Lack of Mesh-Particle Interaction for Hopper Discharge

Submitted by apvyas on Thu, 07/14/2022 - 22:13

I am working on a standard hopper discharge simulation to create a basis for some future work in my program. In trying to learn LIGGGHTS by itself, I am able to create particles and load the "STL" file for the hopper mesh, However, when I run the particles, there is no contact detection it seems between the particle and the mesh wall supplied.

In reading other posts on this forum & DEM in general, I know that the timestep plays a critical role. I have played around with the timestep and found that ~1e-7 seems to work but am not totally convinced. Given the particle properties, any other timestep was causing the particles to explode. I have not tried anything lower than that. As for the particle and wall properties, they are from papers my professor sent to me.

My main question is regarding the lack of particle-wall contact detection. Why are the particles and mesh not interacting? How can I troubleshoot this to get the proper interaction? Any suggestions or ideas are greatly appreciated!

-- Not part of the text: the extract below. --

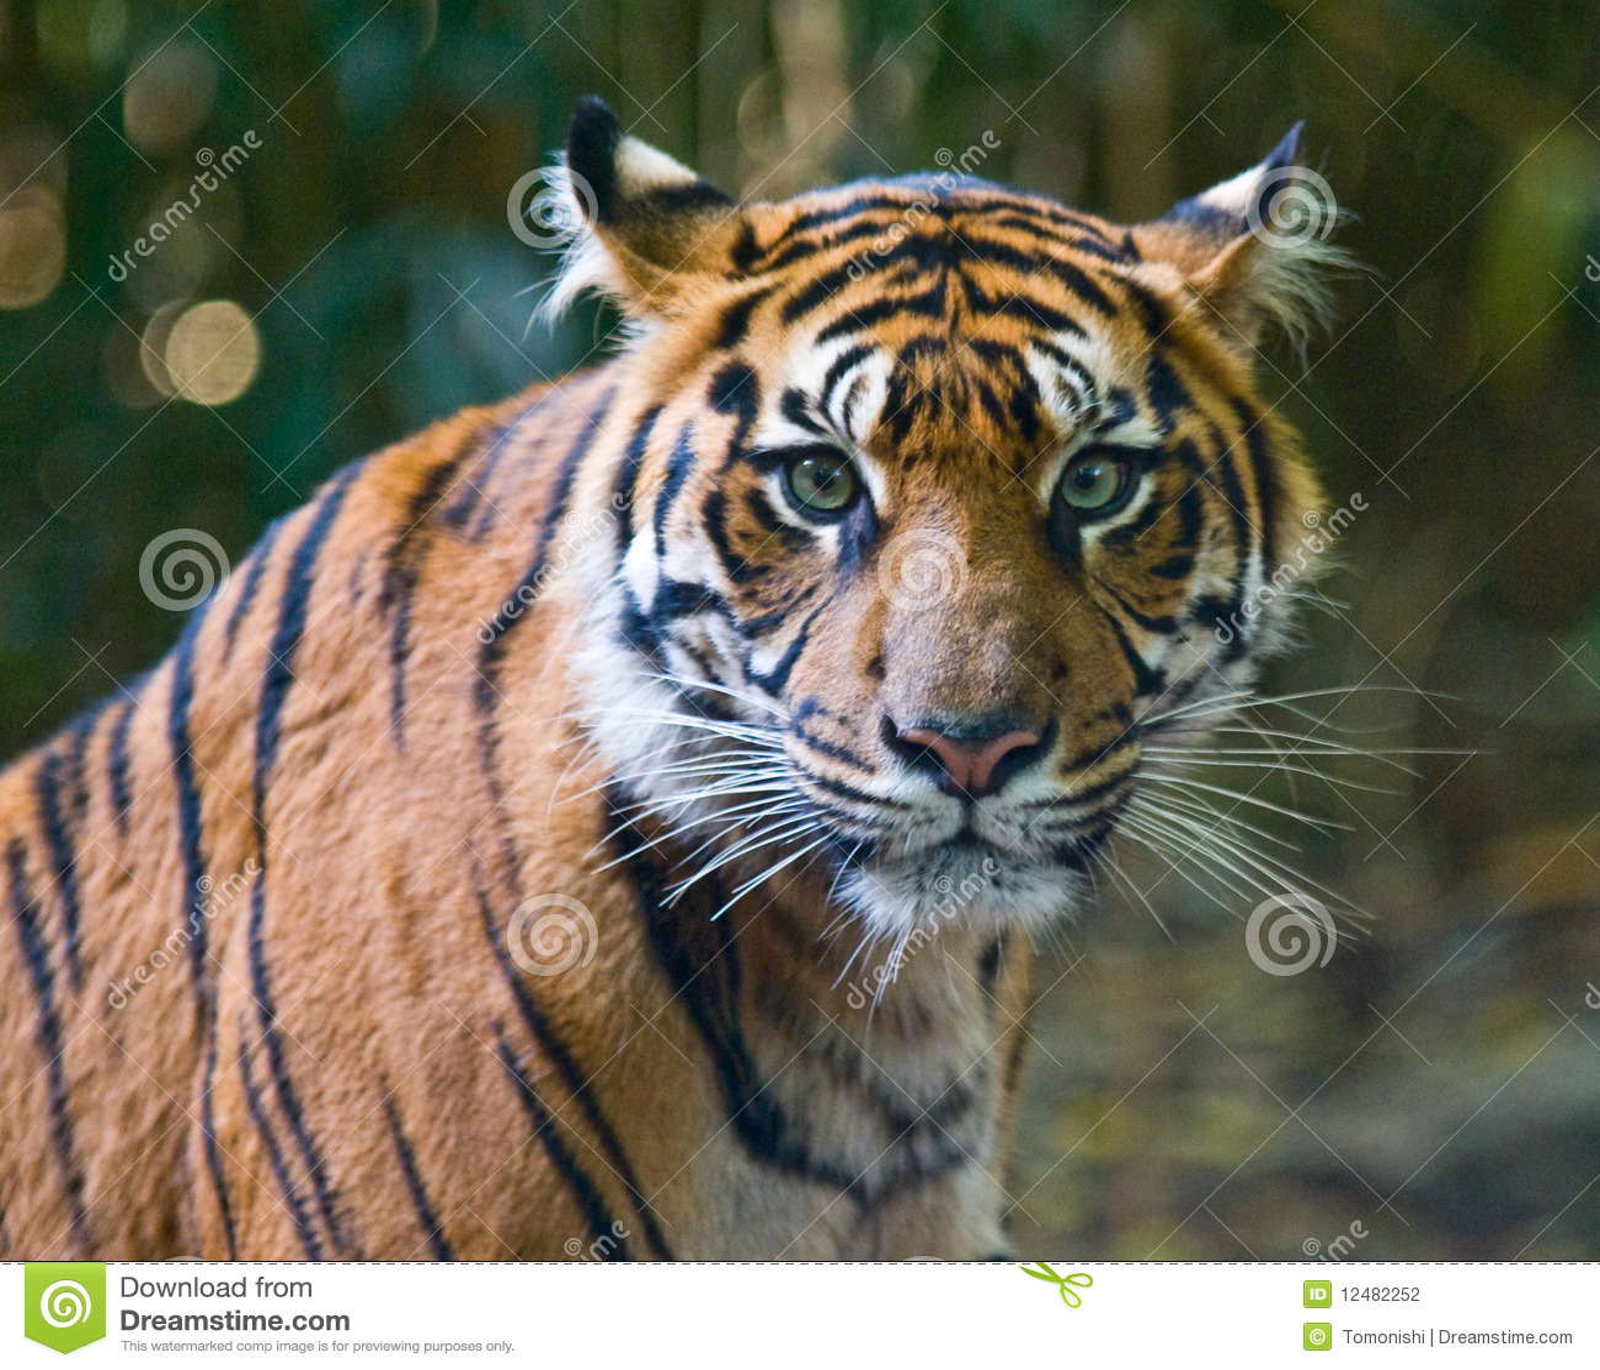 Green tiger eyes - photo#10

I have been struggling with this for some time.

(The mesh file and input script I submitted are attached in a zipped 'tar.gz').

AttachmentSize
Binary Data Input script and "STL" file56.18 KB

mschramm | Fri, 07/15/2022 - 15:41

Hello,
When you added your stl file you forgot to add a contact model (see the chute_wear example).
The missing line is:
fix granwalls all wall/gran model hertz tangential history mesh n_meshes 1 meshes hopper

Also, you can check your time step by using the command:
fix ts_check all check/timestep/gran 100 0.1 0.1

The above command will check your time step and warn you if you exceed 10% ray time or 10% hertz time

apvyas | Wed, 07/20/2022 - 01:14

Thanks! I submitted the simulation to my cluster and hopefully that works regarding the contact model.

As for the timestep, why is the threshold variable set at 10%? is that more of a benchmark or better practice to ensure the simulation does not blow up?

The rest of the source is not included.